OncoGenex has some impressive data to support its concept. When given in combination with docetaxel chemotherapy in a study of 82 men, the OncoGenex drug helped men with terminal prostate cancer live a median of 23.8 months, about 6.9 months longer than they did on chemo alone, according to data presented at the American Society of Clinical Oncology’s annual meeting in 2009. Patients in that study, and across an array of five other studies, also showed signs of having reduced bone pain, which lasted for as long as three months of observation. That is a big deal, because men with this terminal form of prostate cancer often suffer as the tumors migrate into the bones, causing pain that’s so severe it can’t be consistently controlled with opioid-based pain medications like morphine.

OncoGenex believes it has a good scientific explanation for this, as its infusion drug has shown a good ability to be distributed into the bones, and the clusterin molecular target is overexpressed in bones. That means there’s a good chance the drug is seeping inside the bones, enabling chemo to penetrate in there and kill those particularly nasty tumors.

Getting really solid answers to questions like this take a lot of time, money, and risk. Back in 2010, the company designed a pair of clinical trials—called Synergy and Saturn—that were supposed to answer whether the drug can help men live longer, and reduce bone pain? OncoGenex ended up having to shut down the Saturn trial after finding it couldn’t get a consistent reading on baseline pain levels of patients, since it fluctuated so much during a one-week lead-in period to the trial. So OncoGenex and Teva, knowing that it would be easier to confirm the benefit of the Synergy trial with another study designed to measure survival time, replaced the 300-patient Saturn trial with a 630-patient trial called Affinity.

The main difference with the Affinity trial is that it was designed to combine OncoGenex’s drug with a different chemo agent, Sanofi’s cabazitaxel (Jevtana), and to recruit even sicker patients getting their second round of chemotherapy. While that Affinity study is going to take even more time and money to yield a result, OncoGenex is hoping that the results will be strong enough from the first trial that regulators will want to clear it for sale on that basis alone.

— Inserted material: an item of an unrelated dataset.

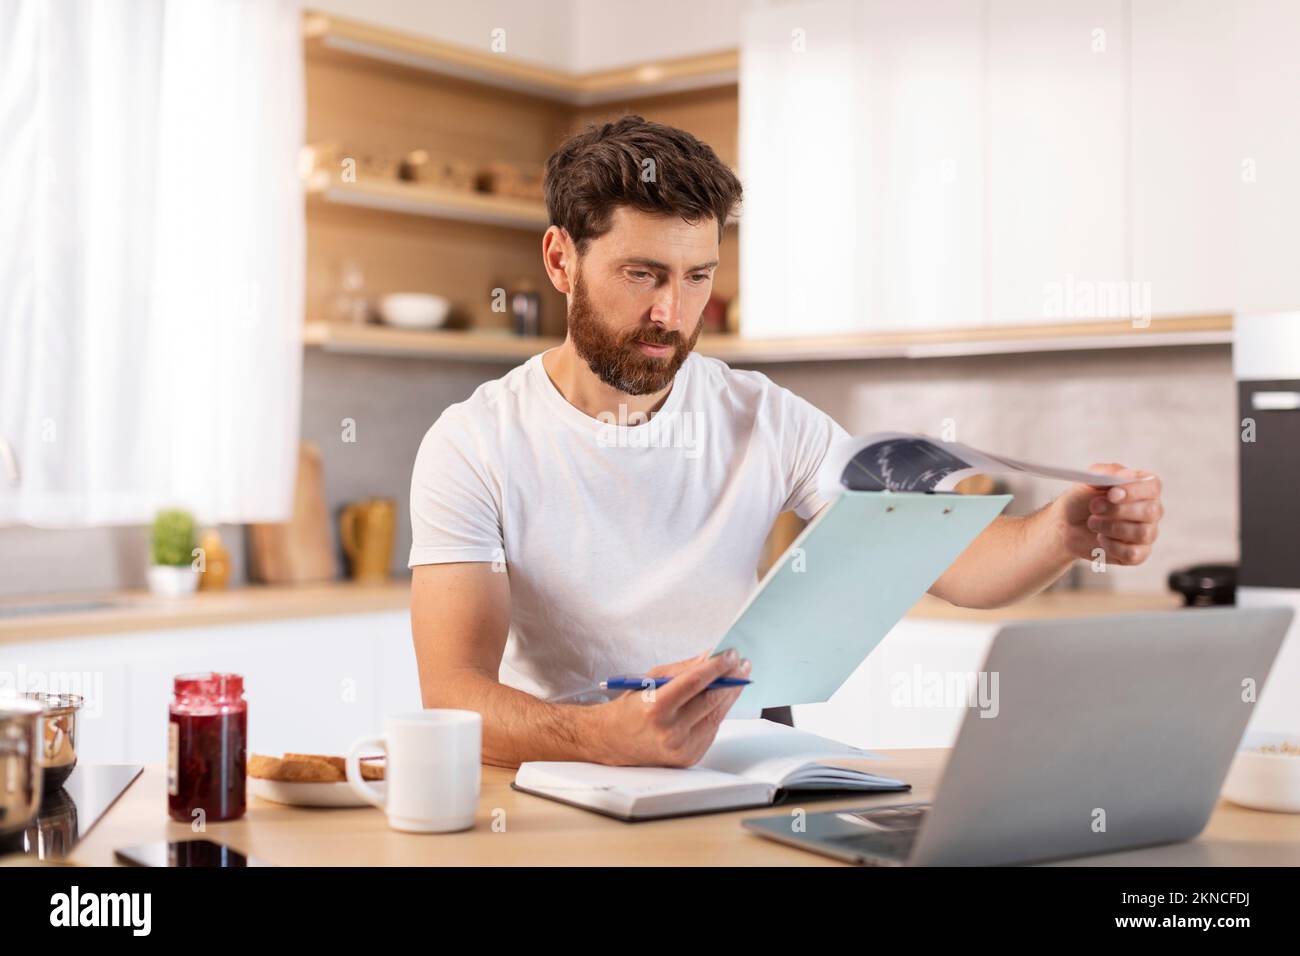 Serious adult caucasian male with beard works with documents and laptop in minimalist kitchen interior Stock Photo

OncoGenex’s Synergy study uses the same combo of drugs, same schedule, and the same doses that it used in the earlier study that suggested such a strong survival advantage of 6.9 months, Cormack says. One difference is that new patients enrolling in this trial could have been previously exposed to some of the new agents like Dendreon’s sipuleucel-T (Provenge) and J&J’s abiraterone (Zytiga). Years have also gone by since the patients enrolled in the earlier study, so other factors could be at work to improve the life expectancy of patients who enroll today. The company will be able to declare success if the ongoing study improves survival time by about 15 percent over chemo alone, Cormack says. That means if you assume patients in this population will live about 20 months on chemo, then they’ll need to live about 23 months on chemo and the OncoGenex drug.

Until an answer like that arrives, OncoGenex just has to keep toiling on all kinds of behind-the-scenes work all biotech companies must do, Cormack says. The company has invested in a second drug, OGX-427, that gives the company another drug in its pipeline to work on besides custirsen. OncoGenex also raised about $54 million from investors in March to finance its clinical trials, and provide enough of a cash cushion to run the company into 2015—at least one more year after the critical results from the Phase III Synergy study arrive.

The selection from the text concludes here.